My latest flash of the bloody obvious is that working on things you truly enjoy will cause you to become much, much better at them. I read a while ago that the latest research on the creation of expertise, a high level of a particular skill, has little to do with innate talents (yes that is NOT what you expect) and everything to do with large amounts of mindful practice. About 10,000 hours of mindful practice actually. That means gaining expertise at anything requires remaining motivated during many hours of practice AND being prepared to think carefully and critically about what you did: that is what mindful means. If you rattle off a non-challenging task and are not looking to improve in any way the practice will not benefit you.
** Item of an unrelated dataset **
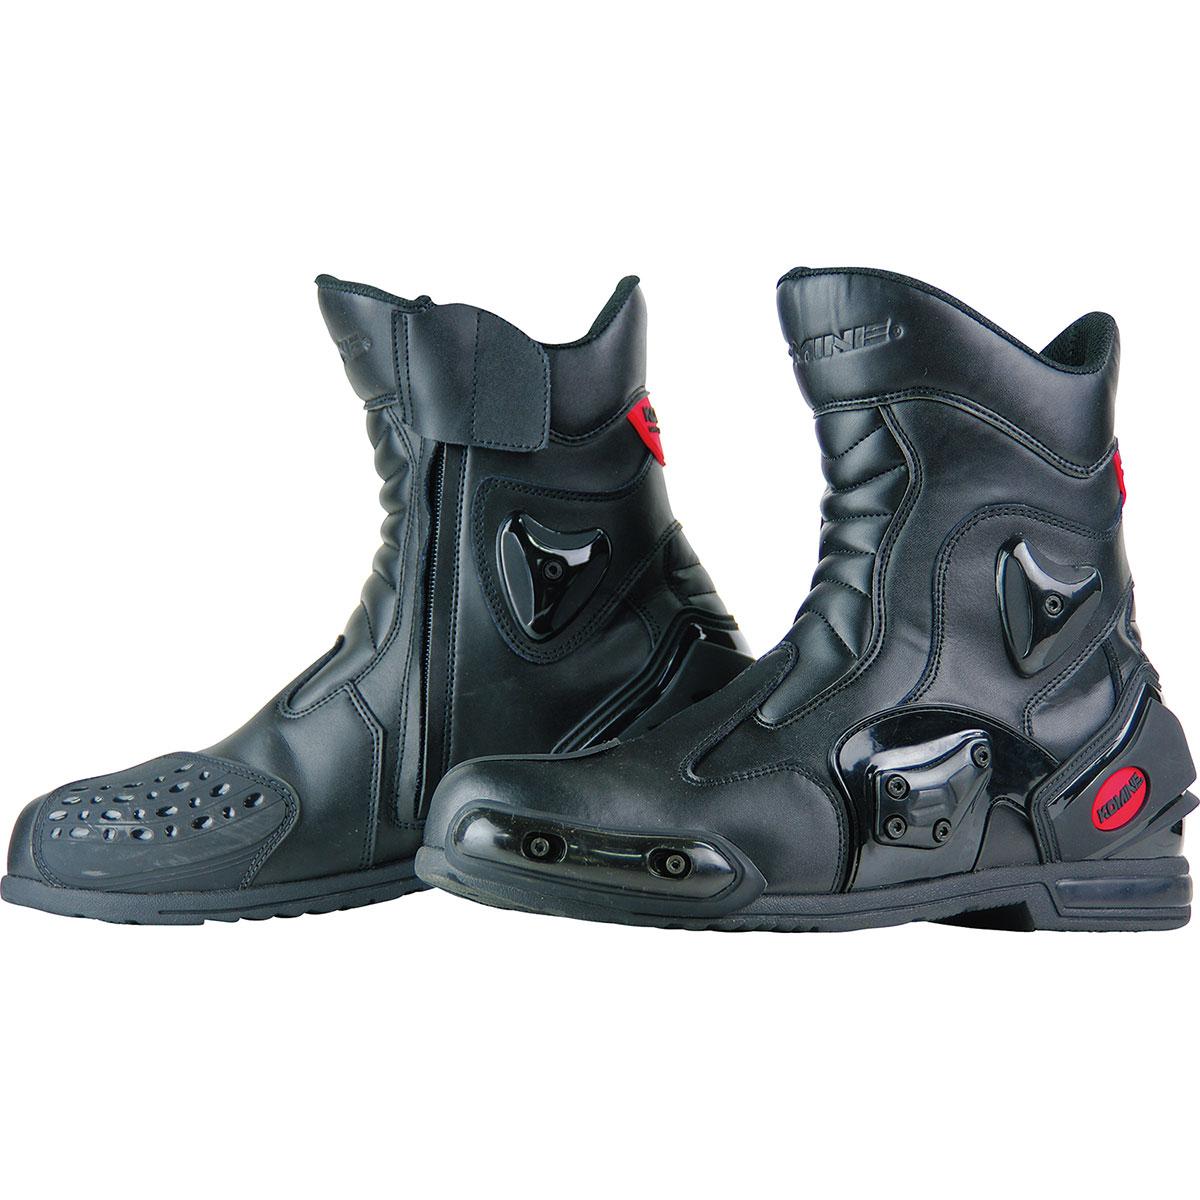 スーパーセール限定 クーポン発行 コミネ Komine バイク用 フットウェア シューズ ブーツ 年末年始大決算 footwear ブラック BK-067 大注目 Shoes Boots 26.5 05-067 26.5cm プロテクトスポーツショートライディングブーツ 黒

So you had better love it. To bits. Otherwise you will never, ever put in that amount of effort. I must certainly have clocked up the requisite number of hours driving cars of various kinds by now, but I am not an "expert" car driver. That is because I do not pay attention to what I am doing, I am not engaged with driving the car and seeking to perfect my practice of it. On the other hand, I can swim a pretty decent crawl now, because I once spent a six months (between girlfriends) swimming four times a week. I did a lot of laps and, crucially, swam with great attention. I noticed what worked well and what could be better. I tried new positions, different timing and also observed other people who could swim faster than I could. I enjoyed getting better and better and relished the feeling of growing skill.
The lesson I took from all of this was to look carefully at the work I do and to write down in a journal exactly which activities had been the most enjoyable and fulfilling and what exactly I had been doing when I had those feelings. That did not change my job title, description or responsibilities. It did lead to me working in a certain style. Where other people do things by making a detailed breakdown, I do similar things by getting my ideal team together and focussing them on what needs to be done. Where one person will make a huge GANTT chart, I will make a simpler chart and run fast, sharp meetings to track the details. I am just happier, and a ton more effective, doing it my way.
A nice side effect is that having a big list of sucessful moments is wonderful for cheering you up when times are tough. All you need is a notebook and a little quiet time to focus on "what did I do really, really well this week/month/year?"